Не понимая Стройникова, Казарский еще меньше понимал самого себя. Себя человеку, видно, никогда не понять. Он и не хотел скорого брака Татьяны Герасимовны со Стройниковым. Но уж совсем не желал бы ее брака с этим смешно заикающимся майором.
- Пожалеешь, Семен Михайлович, - горячился Казарский. - Что-то мне подсказывает, ох, пожалеешь! Слепой ты, что ли!
- Нет, Саня, - разомкнул губы Стройников. - Не слепой я. Я все-о вижу… Я ведь, брат, и то вижу, что не только майору, а и тебе, Санечка, о-очень приятно ручки Татьяне Герасимовне целовать. Я, Санечка, и то вижу, что не дружбой своей она тебя дарит, отличая от всех. В ней женщина ликует. Рада, что есть власть и над тобой.
- Да я… Да она… - Из сердца в лицо как киноварью плеснуло.
Стройников отвел глаза, равнодушный к его замешательству.
- Знаю, Саня, - продолжал он задумчиво, - пожалею, если ждать не станет… А нет, ничего я им сегодня не скажу…
В мозгу Казарского мысль, которая все время была где-то далеко-далеко, в глубинах извилин, вдруг прояснилась.
На флагманском корабле контр-адмирала Кумани старшим офицером плавал однокашник Стройникова по Морскому корпусу капитан-лейтенант Федор Юшков. Юшков погиб во время штурма Сизополя. С самого выпуска из корпуса Стройников и Юшков служили бок о бок. Стройников на фрегате «Африка» мичманом, Юшков на фрегате «Евстафий» мичманом. Стройников лейтенантом на транспорте «Прут», Юшков лейтенантом на транспорте «Кахетия». Лишь однажды Стройникову удалось вырваться вперед друга: после Анапы произвели его
в капитаны II ранга. Стройников сам когда-то рассказывал Казарскому, как «замачивали» производство. Феденька, обнимая друга - весь вечер рядом сидел - клялся, смеясь: «Я - везучий. Мне еще повезет больше, чем тебе с «Босфором». Вот увидишь, обгоню…»
Повезло везучему Юшкову.
О б о г н а л.
Сердце Казарского дрогнуло. Он схватил Стройникова за борт кителя, рванул к себе. Хотел, как на шканцах, громовым голосом вскричать, рвя голосовые связки: «Да ты что!…», но вышло хрипом: «Ты что… Ты, Семен Михалыч, брось… Ты в себя не закапывайся, слышишь?»

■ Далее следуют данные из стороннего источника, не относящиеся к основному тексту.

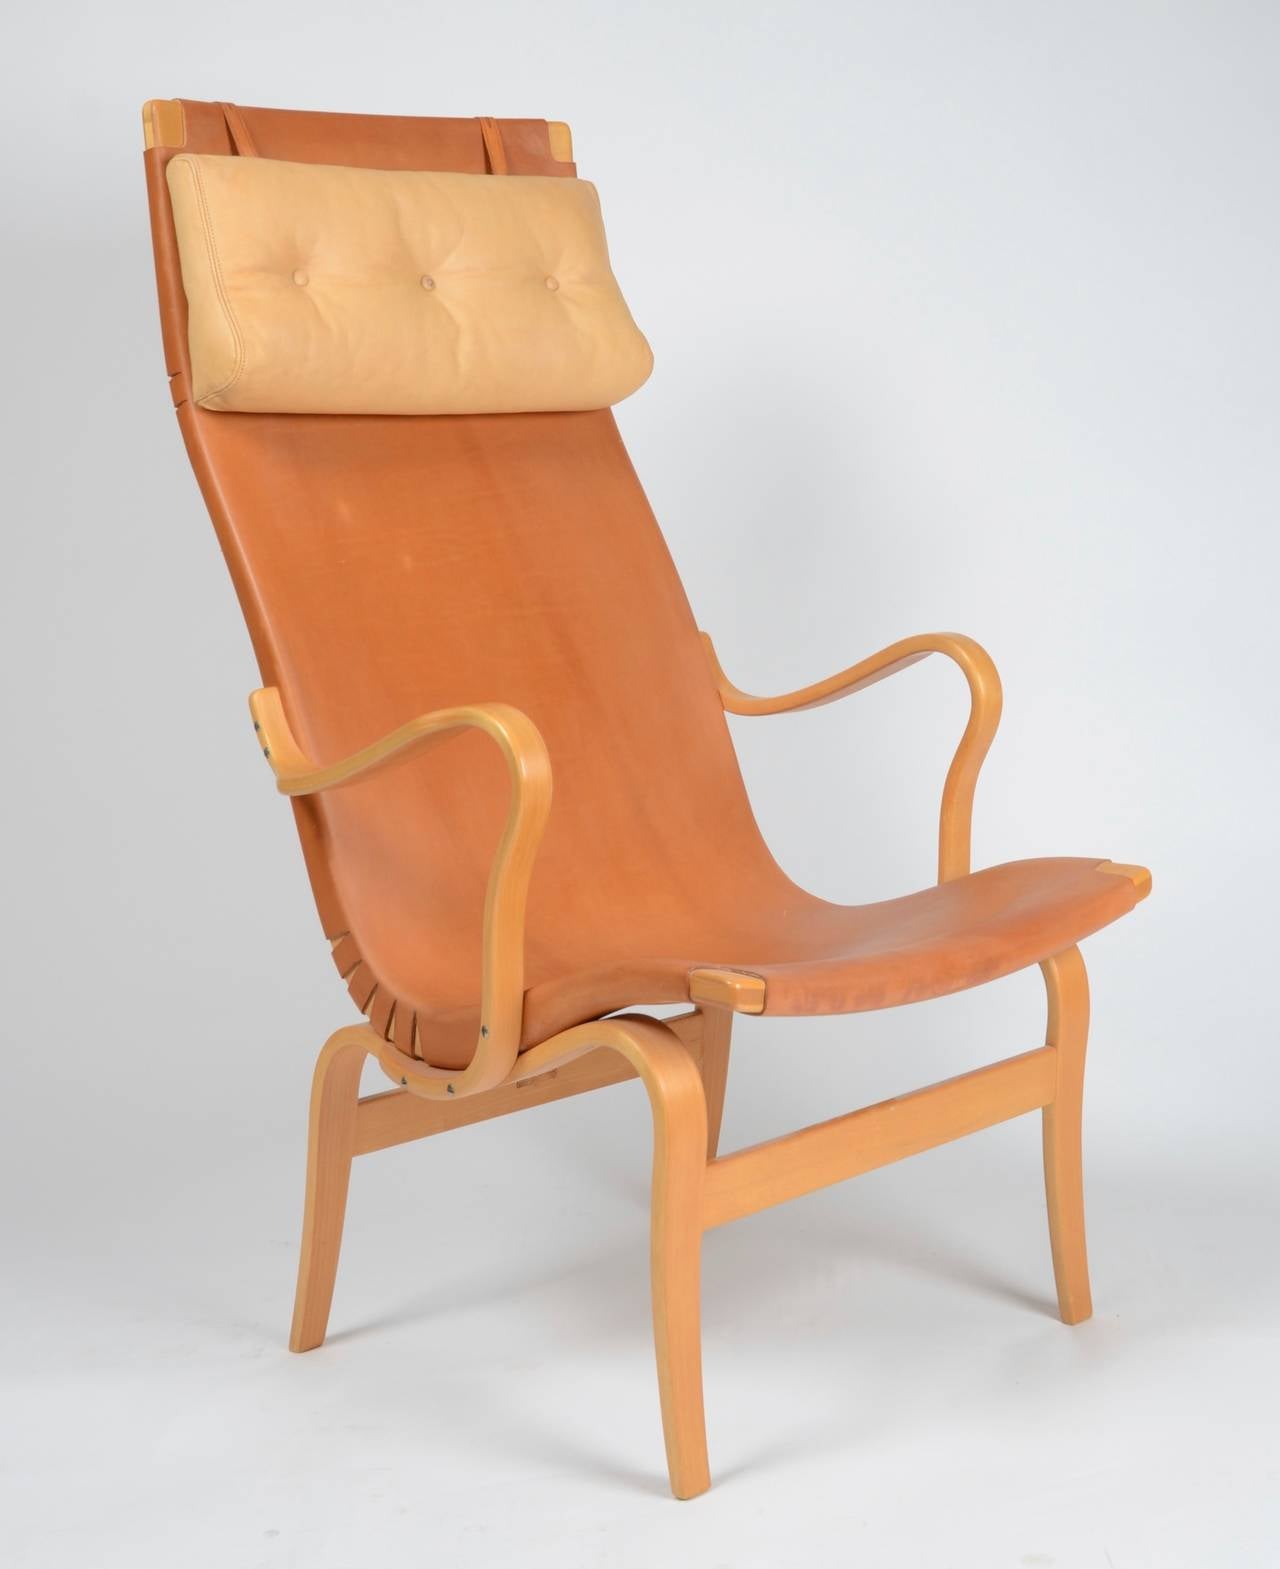 Armchair model high-back Eva with cognac leather, designed by Bruno Mathsson in 1934. Produced by Karl Mathsson, Värnamo Sweden. This example dated 1978.

На войне никто себе не хозяин. Одно Казарский знал точно: живи пока жив, гони от себя глухие мысли прочь. Ты - военный. Ты с четырнадцати лет выбрал себе судьбу. Сам решил, что жить будешь по соседству со смертью. Ну и терпи соседство!
Стройников высвободил борт сюртука из его рук. Засмеялся. Так, оскал влажных, фосфорящих в ночи белых здоровых зубов, а не улыбка. Повторил:
- Так решил, Саня: кампании конец - тогда под венец.
О Юшкове - ни вздохом.
- Слу-у-шай… - заглушенно неслось с бухты. Часовые усердствовали. Доказывали начальству: не спят!

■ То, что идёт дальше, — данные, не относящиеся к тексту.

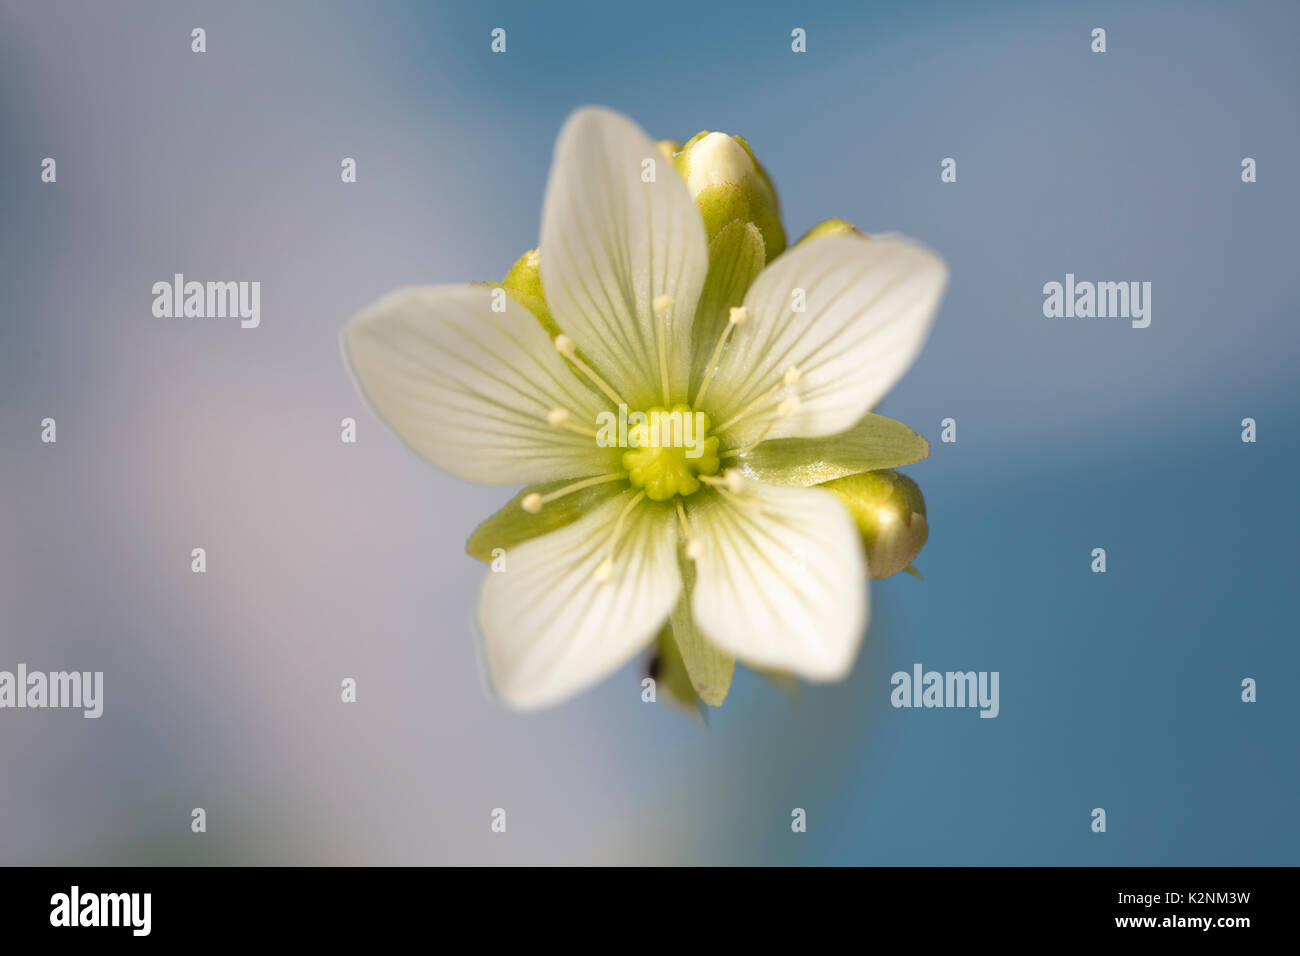 Venus Flytrap flower with soft white petals in full bloom Stock Photo

В небе под месяцем плыли маленькие облака. Одно словно просыпалось вниз. И было под ногами, под балконом: там цвел миндаль. Расцвел не вовремя. Обманутые теплом, рванули в нем от корней вверх живые соки.
Девятнадцатого марта, ближе к вечеру, Казарский сбежал с трапа «Меркурия», на Екатерининской остановил извозчика, поехал к Воздвиженской. Дверь открыла Дуняшка. Руки - в тесте. На лбу - мучная полоса. Тонкие вьющиеся волосы пахнут ванилью, цикорием, жареным миндалем. Выпалила:
- А барин Семен Михайлович барыне с оказией письмо передал. - И без перерыва, на едином вздохе: - Была Антонина Ефимовна Клепикова, карты раскладывала, обещала барыне столько детей, что щитала-щитала, щитала-щитала, десять нащитала, со щету сбилась, так пощитать и не смогла, во-о сколько у барыни детей будет!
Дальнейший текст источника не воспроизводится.